══ Input data
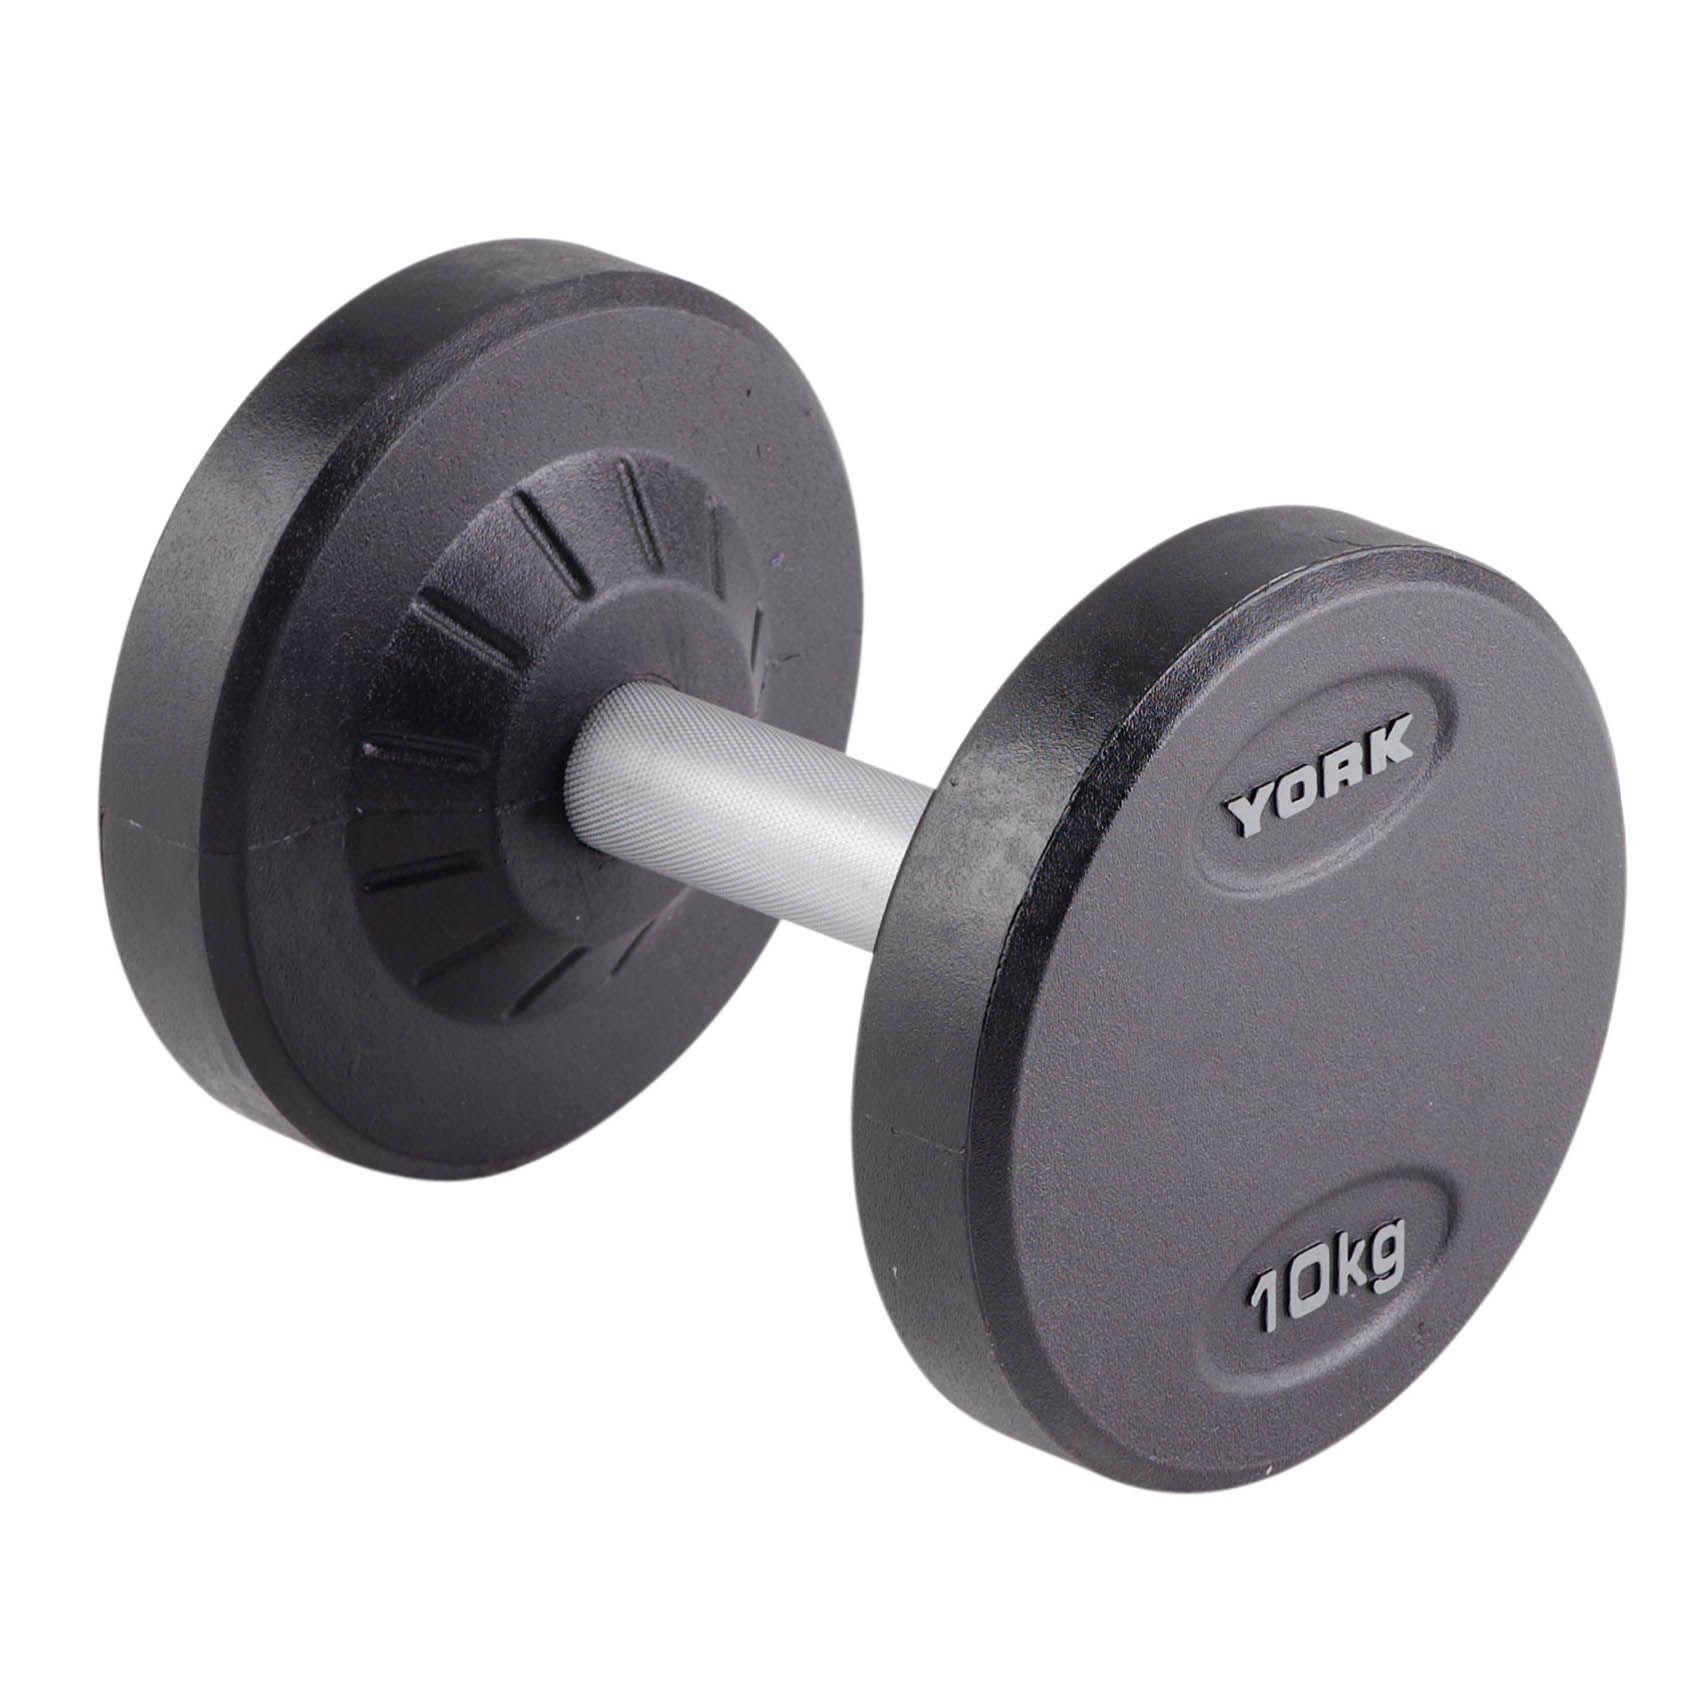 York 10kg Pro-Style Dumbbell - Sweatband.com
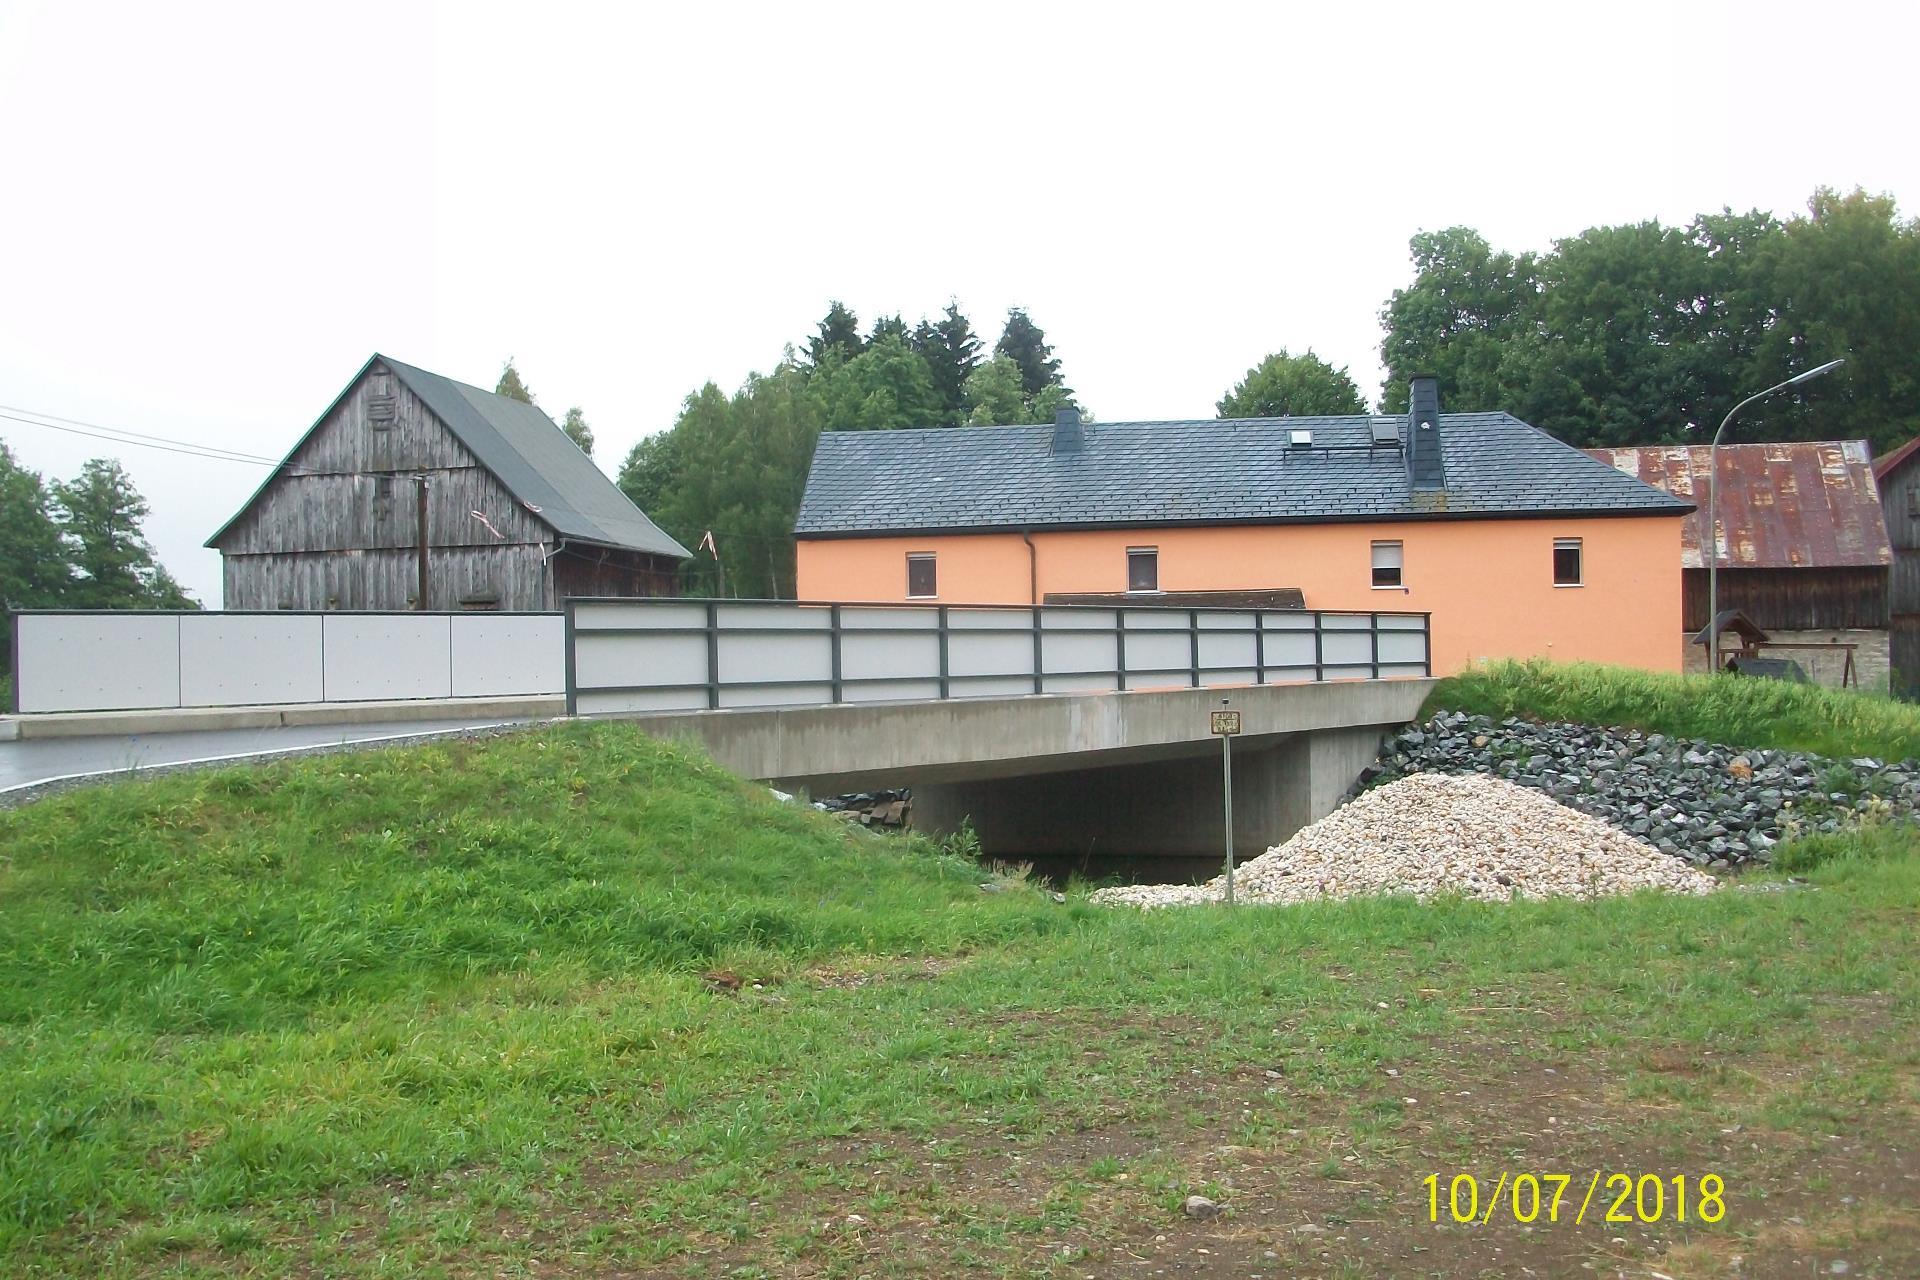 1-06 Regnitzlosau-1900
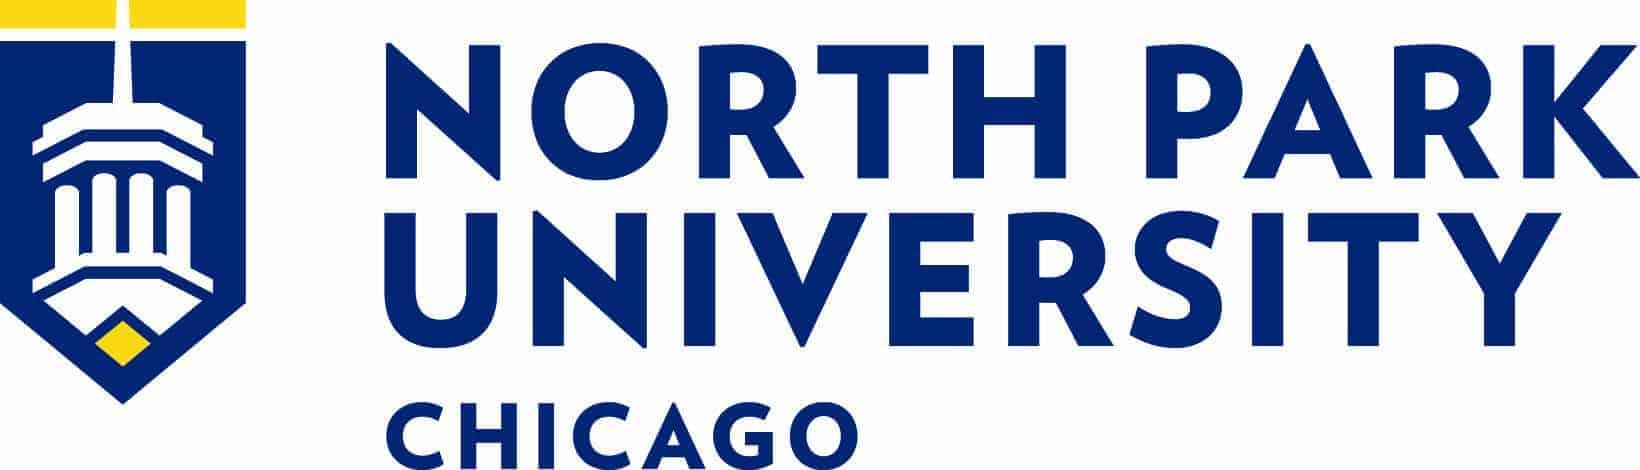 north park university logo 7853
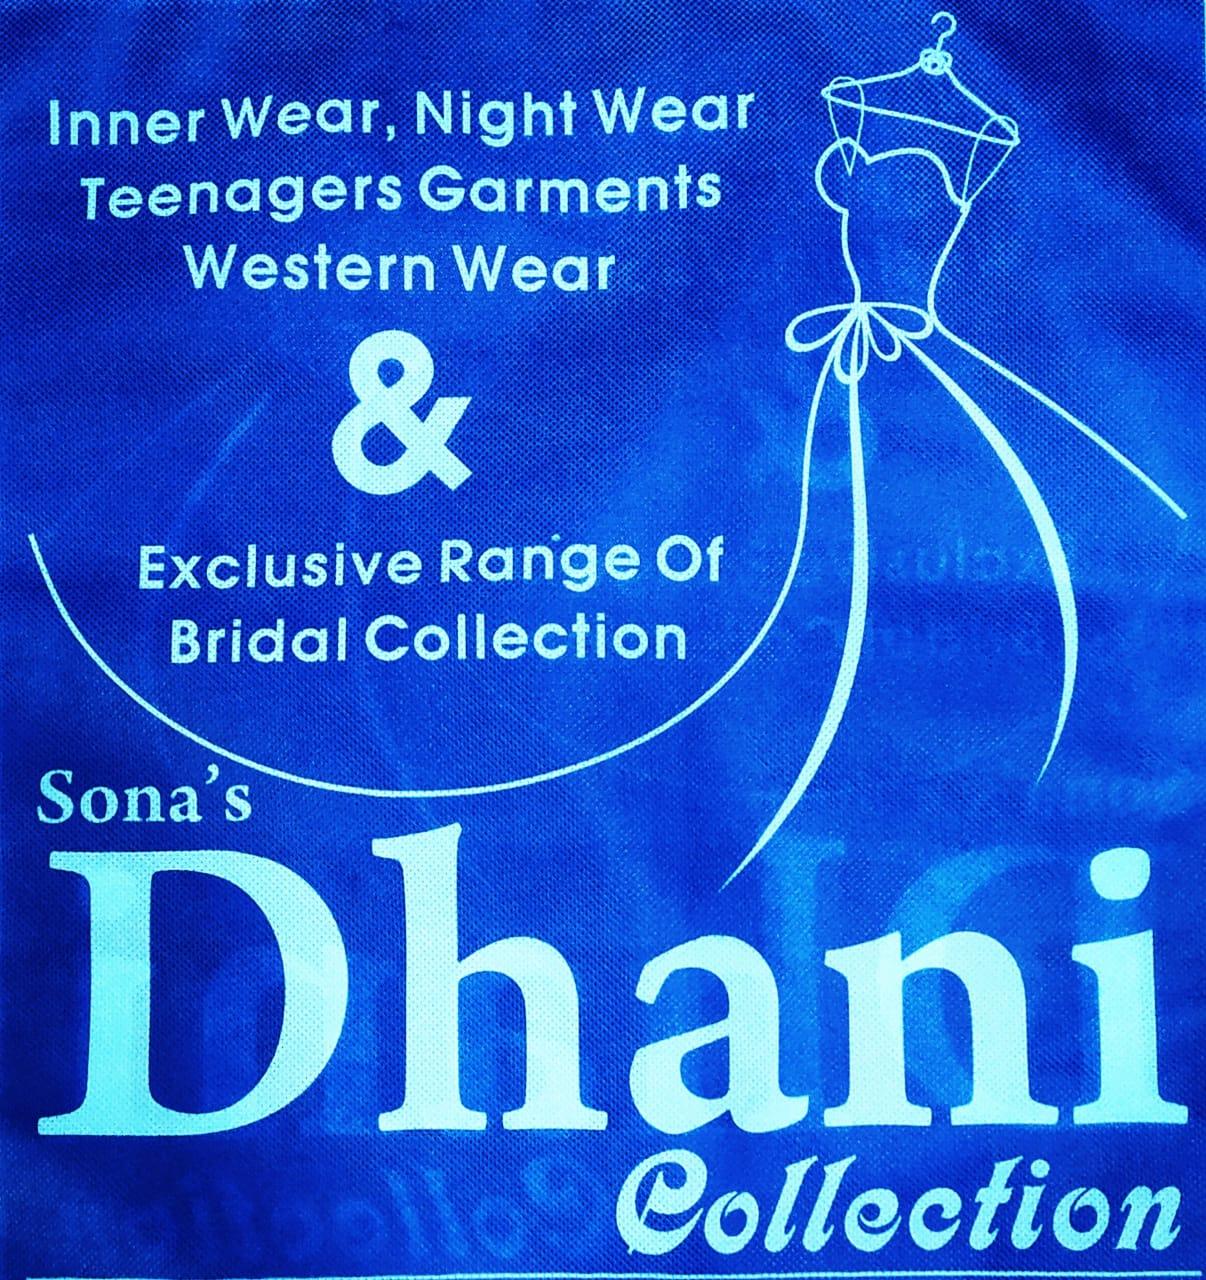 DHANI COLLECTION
════
Transcribe the listing above in full and exactly; no pictures belong in the copy.

 York 10kg Pro-Style Dumbbell - Sweatband.com
 1-06 Regnitzlosau-1900
 north park university logo 7853
 DHANI COLLECTION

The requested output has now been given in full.